Find the line below with "8 Basic System Administration" and the line with "8.1 Managing Users". Output exactly those lines and everything between them, leaving out the pictures.

Records for the exercise:
☆ ☆ ☆ ☆
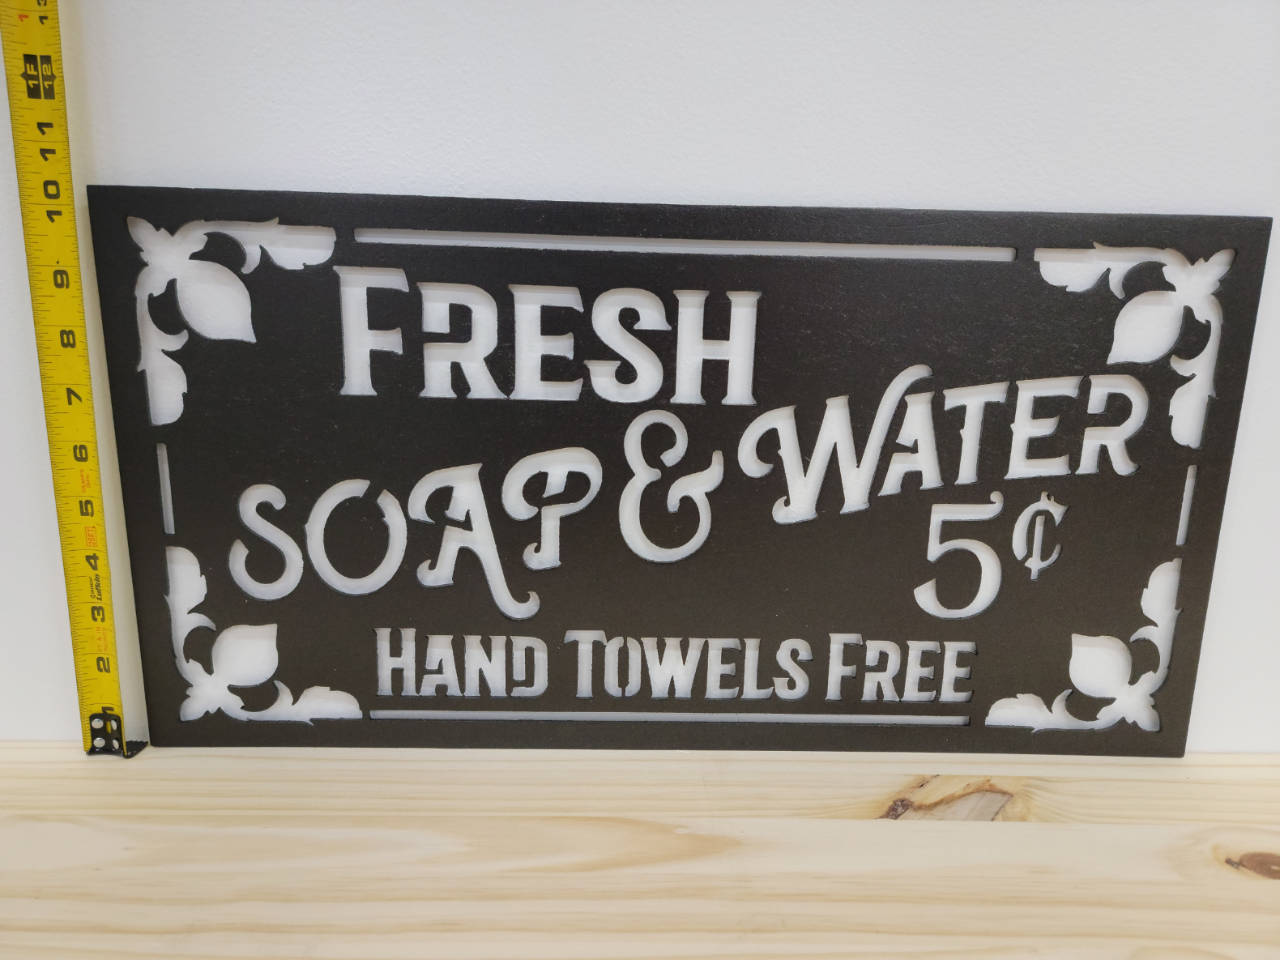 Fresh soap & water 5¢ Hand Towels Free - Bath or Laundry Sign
☆ ☆ ☆ ☆
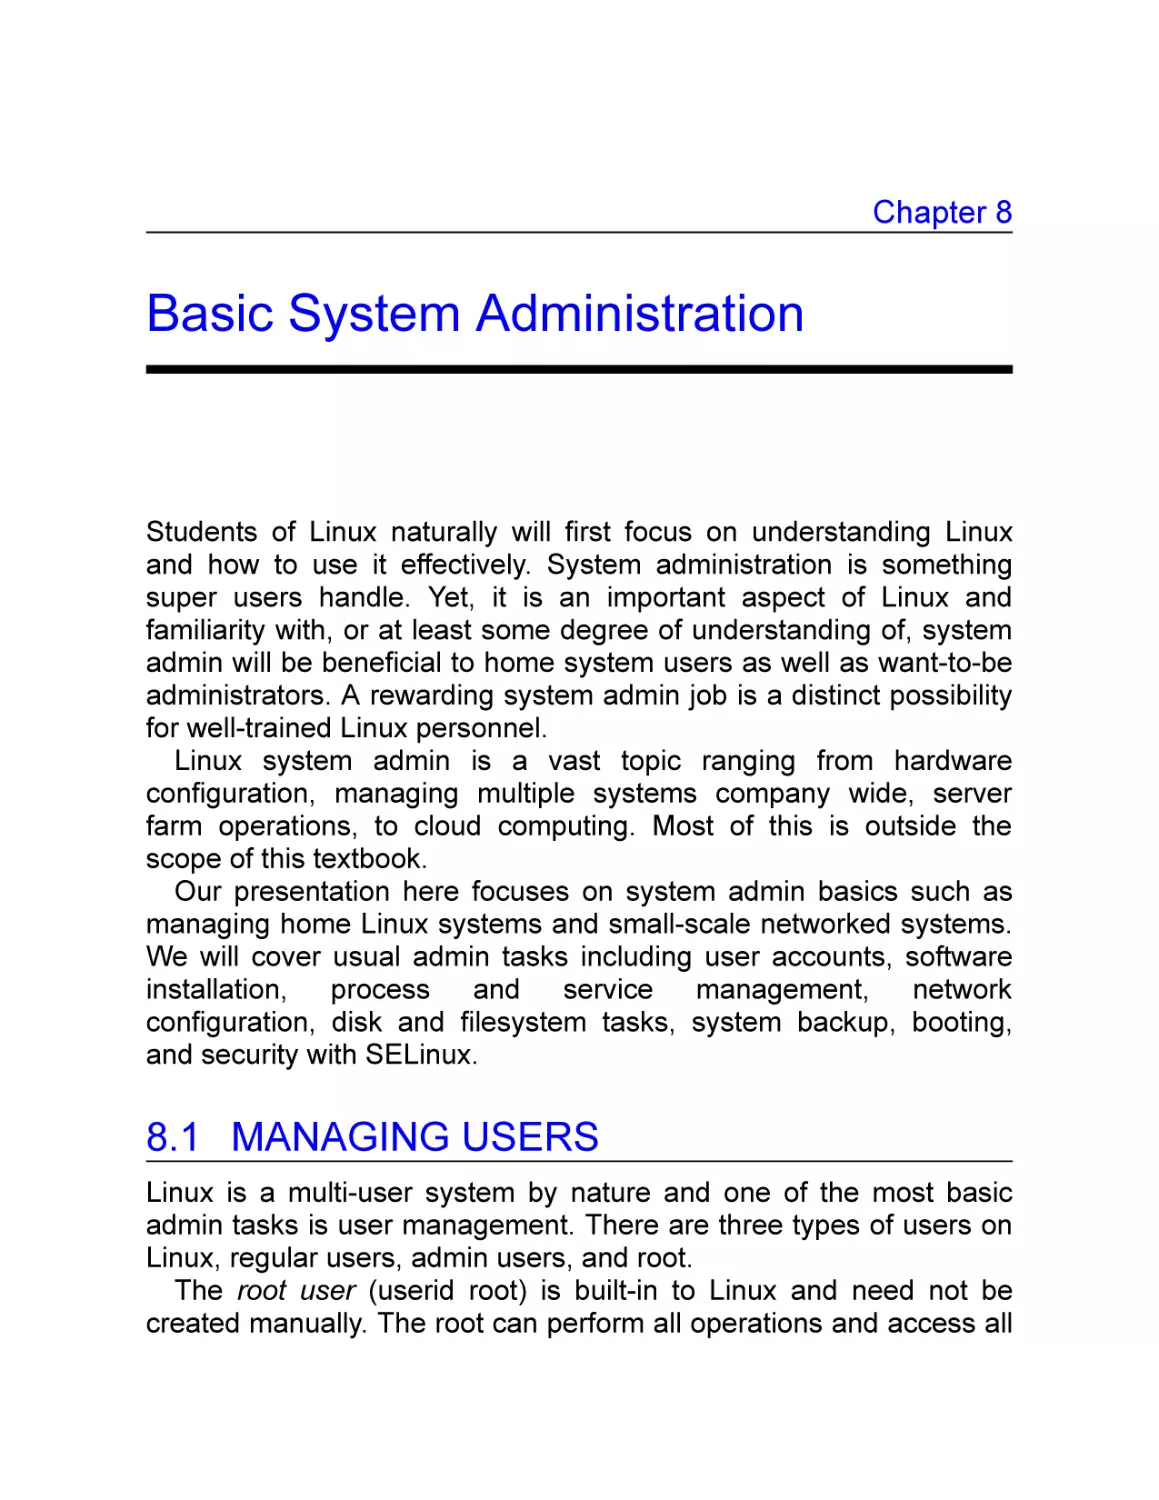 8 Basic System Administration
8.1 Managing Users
☆ ☆ ☆ ☆
Answer box:
 8 Basic System Administration
8.1 Managing Users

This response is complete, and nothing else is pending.